Exhibition > Past > ArtDepoo

ArtDepoo 06.05.2008-31.05.2008

Two Colourful Worlds

An Estonian August Künnapu and Latvian Andris Vītoliņš are friends, they share their views and they are artists, who, though testing other artistic medias, have remained true to painting. And both of them are painters par excellence. Last year Künnapu received one of the most distinguished art prizes – the one named after Konrad Mägi and Andris, the teacher of the Riga Academy of Arts, has been awarded in his homeland with several approving prizes. Two top figures of the contemporary art of the Baltic States are joined besides friendship and similar views of art by a positively luxated and bright world perception. At the first joint exhibition in the ArtDepoo gallery the public is demonstrated bright-coloured and playful personal worlds of the artists. The machines and technical landscapes, painted by Andris with a deep curiosity and in a detailed passion, are standing next to the children having been painted by August. The joint part of the paintings that at a visual inspection are of averse themes is the human being and the environment created by him. And of course the depiction of the colourful, but shifted reality in a nostalgic retro-key. The works of the artists are holding a wordless dialogue in the exhibition hall and they form entangling couples, complementing each other.

On the paintings by August Künnapu, inspired by the photos from the 1930ies, besides people a room and an environment are also being examined. Small inhabitants are posing to their father´s photo camera in the recently built apartment building at Raua street and near it. The artist himself has also been living in the same house since his early childhood. The unique photos were found from the private archive of Helga Nõu, a famous Estonian children book writer, whose childhood together with two of her brothers was also spent in the apartment building Raua 8, designed by Herbert Johanson. Even though the paintings are based on concrete photos, the paintings by Künnapu are not cold calculations, being photo realistic in a sterile way. On the faces of excellently posing “little old people” is reflected the severity and life experience, being characteristic to the period that in today’s context could seem slightly alienated.

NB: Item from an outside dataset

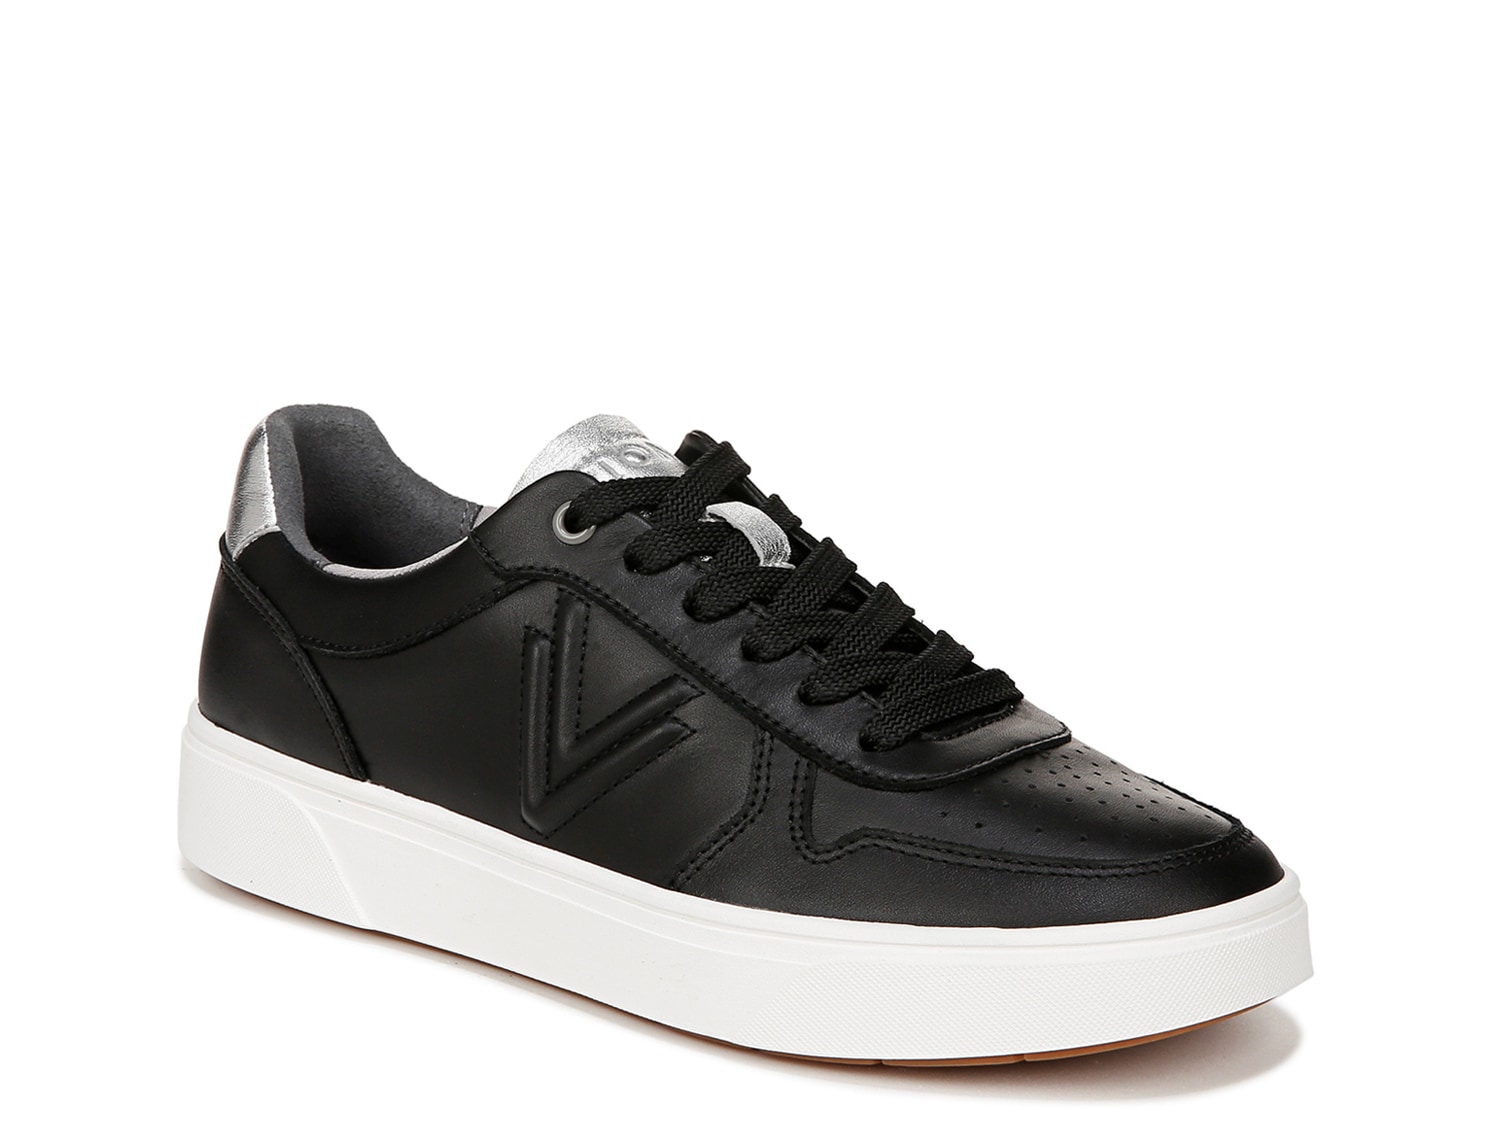 Vionic Kimmie Court Sneaker - Free Shipping | DSW

Similarly to the sources of Künnapu the paintings by Vītoliņš are also based on photos, radiating positive energy and rhythm. The theme of his paintings is in the context of contemporary art either marginal or generally ignored. Machines, cranes, urbanistic factory buildings, bridge and harbour constructions are transformed by the luminous colour handling and precise one-breath brushstrokes of Andris into desirable iconic symbols of the modern era. Metal constructions and locomotives do not seem cold or machine-like, they are rather poetic; in them can be clearly felt the presence of man, Andris has given them soul. In his urban paintings Vītoliņš scrutinizes, how human mind, will and activity is able to change the natural environment. So the paintings are simultaneously portraits of persons and of the machines, created by them.